Rather than manufactured constraints, the genuine bottlenecks the field is currently fighting include:

Contact-rich manipulation

Force and tactile feedback are rarely captured in imitation data. As a result, current VLAs are essentially blind to contact dynamics, making insertion or wiping tasks incredibly difficult to learn reliably. Workarounds: To bypass the challenge of engineering RL reward functions for force-feedback, many rely strictly on imitation learning (like ACT or Diffusion Policy).

Long-horizon tasks

As tasks stretch over longer time horizons, credit assignment degrades and the Supervised Fine-Tuning (SFT) ceiling becomes a hard wall. Reinforcement Learning (RL) fine-tuning is required to break past this, but remains notoriously expensive and unstable for flow-based models. Workarounds: The frontier is shifting toward hierarchical control (e.g., AsyncVLA, Steerable VLA) where a slow, high-level VLM handles the reasoning, while a fast, low-level policy handles the immediate execution. Others are pushing for flow-based RL fine-tuning (like πRL) to break the imitation learning ceiling directly.

Real-time edge inference

Flow-based continuous action models require iterative denoising steps, which introduces significant latency. While methods like FASTER provide some speedups, running these models in real-time on edge hardware (like a Jetson Orin) remains an unsolved bottleneck. Workarounds: Common strategies include distilling massive models down into edge-friendly variants (like SmolVLA or EdgeVLA) to preserve pre-trained priors while maintaining inference speeds, or using asynchronous architectures that decouple the reasoning loop from the local, high-frequency motor control loop.

Sim-to-real gap

Sim augmentation depends entirely on having a validated digital twin. Discrepancies in mass, friction, and control latency mean that simulated data often fails to transfer zero-shot to physical deployment. Workarounds: Instead of relying on perfect digital twins for zero-shot transfer, a common workaround is using simulation as a data multiplier (e.g., MimicGen): collecting a handful of real-world demonstrations (e.g., 15 teleoperated trajectories) and replaying them in MuJoCo with spatial perturbations to expand the dataset by 10× and force policies to learn robust recovery behaviors. I wonder though if the better solution here isn't to come up with a more sample-efficient way to achieve physical constraints for the exploration space.

Generalization to novel objects

Despite claims of generalist capabilities, VLAs still heavily struggle with objects that are outside of theor pretraining distribution. Workarounds: Unlabeled video pretraining on internet data (e.g., V-JEPA 2, ViPRA, LAPA). By predicting latent representations or optical flow from thousands of hours of YouTube videos, models learn the structure of the physical world before being fine-tuned on scarce robot data.

Deployment criteria

The gap between benchmark success and the production bar is massive.

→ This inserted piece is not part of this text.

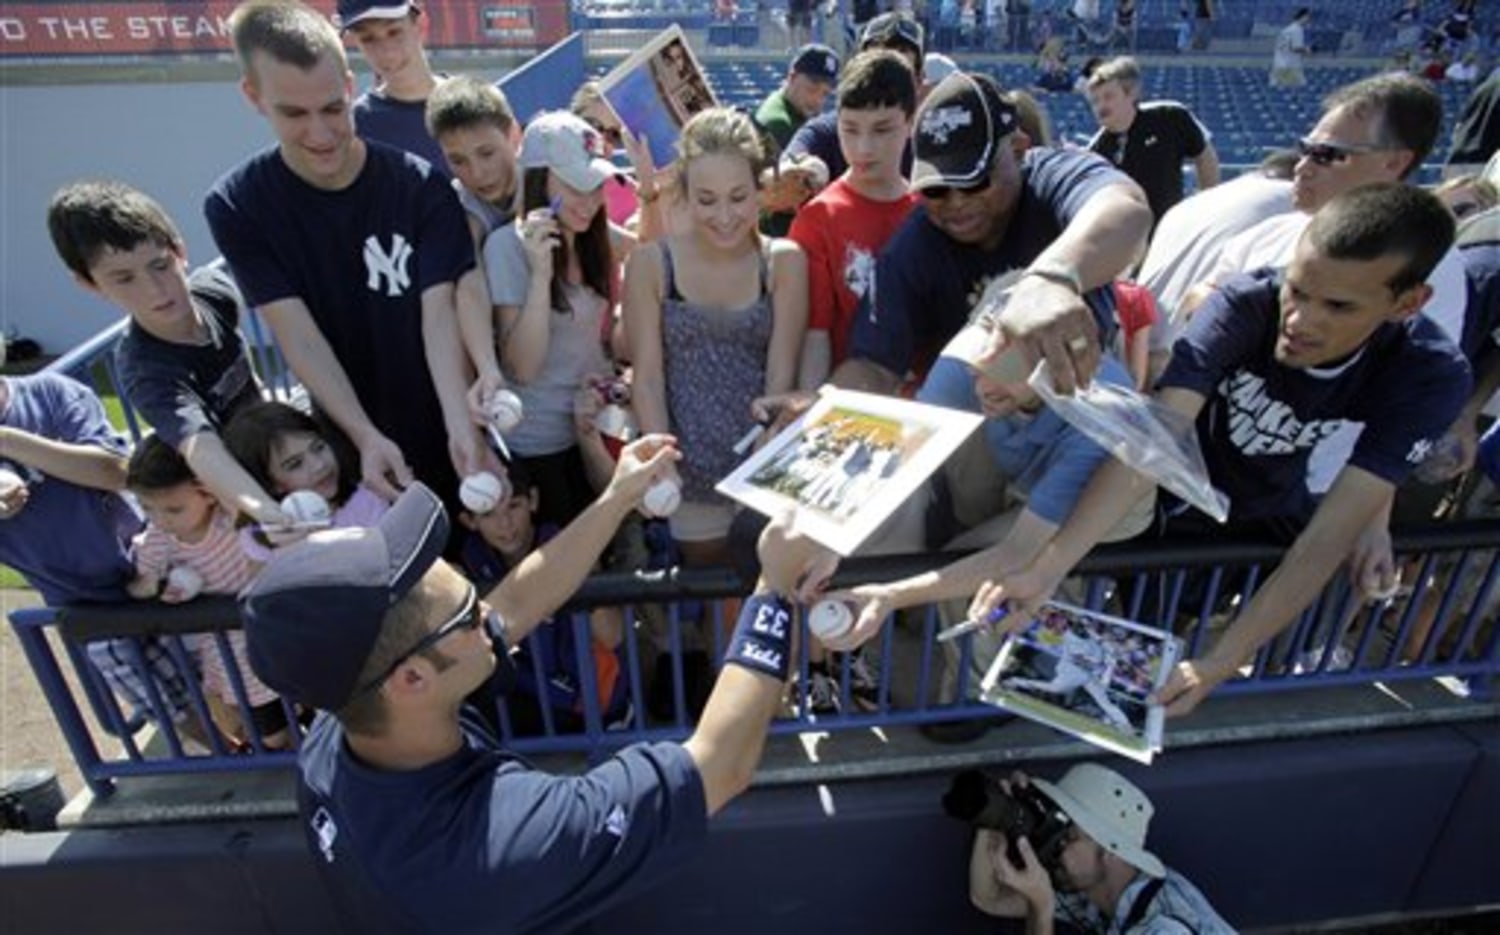 Yankees spring training: Team bonding with Nick Swisher

Bounded failure: A deployed policy must fail safely.
Calibrated uncertainty: The model must recognize when it is out of distribution and cleanly hand off control to a human.
Latency tail: Failure to arrive at fully planned action sequences must fail gracefully.
Update path: When a new failure mode appears, you need a deterministic way to patch the policy or model. This requires capturing out-of-distribution samples in the wild and systematically routing them back into your training or evaluation pipelines. Similar to the "data flywheel" espoused by Tesla, deployed fleets must capture post-deployment edge cases.

Open Questions/Notes

Data Scalability: For a given task, how much data do you nee? Can you quantify this by task complexity, horizon length, etc. Need some intuition around this
Path/sequence diversity: While recording trajectories for a pick place behavioural cloning task, do you try to keep the leader arm's path as consistent as possible across episodes? If you don't keep it consistent but record a ton more episodes, what are you learning?

References

Project GR00T: GR00T N1: An Open Foundation Model for Generalist Humanoid Robots. NVIDIA (2025).
DreamZero: World Action Models are Zero-shot Policies. NVIDIA (2026).
EgoScale: EgoScale: scaling dexterous robotic manipulation using large-scale egocentric human data. NVIDIA, UC Berkeley, UMD (2026).
LingBot: A Pragmatic VLA Foundation Model. Ant Group (2026).